Noting that applications related to banking “may have lagged behind some other industries to date,” he added “it is really exciting to see how the core pillars of banking — service, relationships and human touch — will evolve as use of this technology becomes more common.”
Bridging the Physical/Digital Divide
When Finopotamus asked what differentiates credit unions from other FIs, Bilac responded: “Credit unions exist for the benefit of their members.” This approach, he added, “drives the adoption of innovative technology that enables seamless, proactive, member-friendly experiences – ones that go beyond simply reacting to members’ basic banking needs.”
To this end, he believes Agent IQ mission to “help institutions use technology to deliver true, personal service within the digital space” is aligned with the credit union movement.

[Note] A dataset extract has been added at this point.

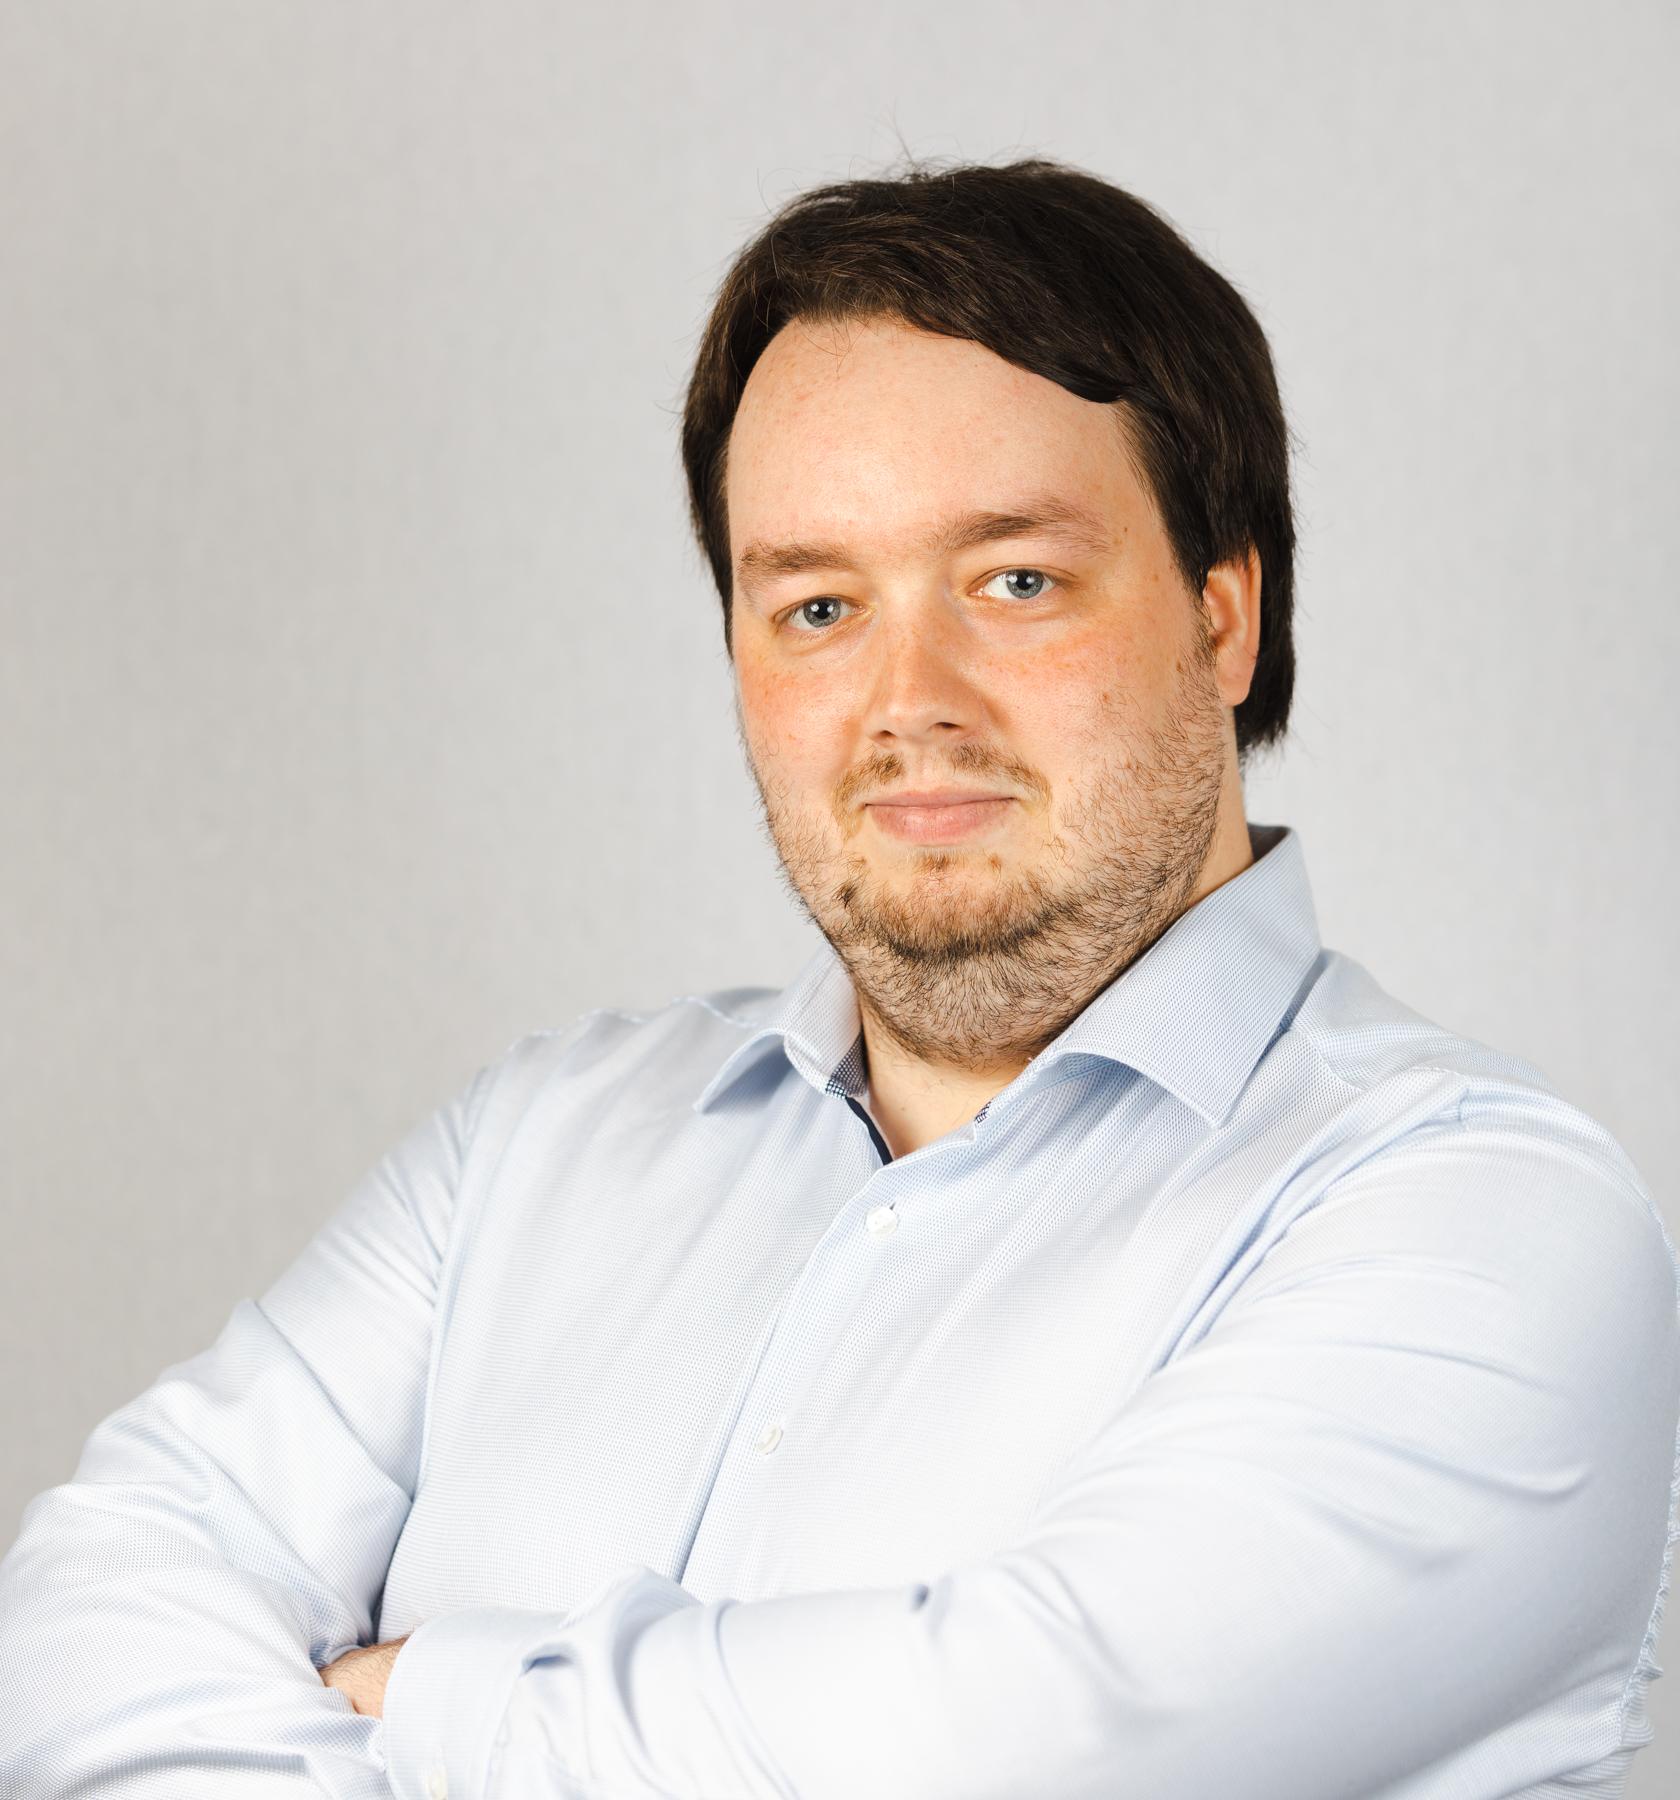 Sebastian Strehl---System Administrator

“In essence, we are helping credit unions extend the qualities that differentiate them in the marketplace and ensure that their special, in-branch service experience successfully bridges the physical/digital divide, he explained. “Ultimately, technology is a massive enabler that can amplify the positive impact that credit unions can have on their local communities.”
The CUSO Difference
Whereas fintechs weren’t always a great fit for certain credit union strategies, Bilac says there are more and more positive relationships occurring in the space, which is due, in part, to credit union service organizations (CUSOs) acting as venture investors.
“Although it is still early in some cases, I see the benefit to credit unions as significant as they get earlier access to new technology and are positioned to help shape the product roadmap of technology companies,” he continued. “In some cases, they even realize financial benefits as the CUSO grows. This model allows technology companies to better serve credit unions and their members from day one – providing tangible benefits over time to all involved.”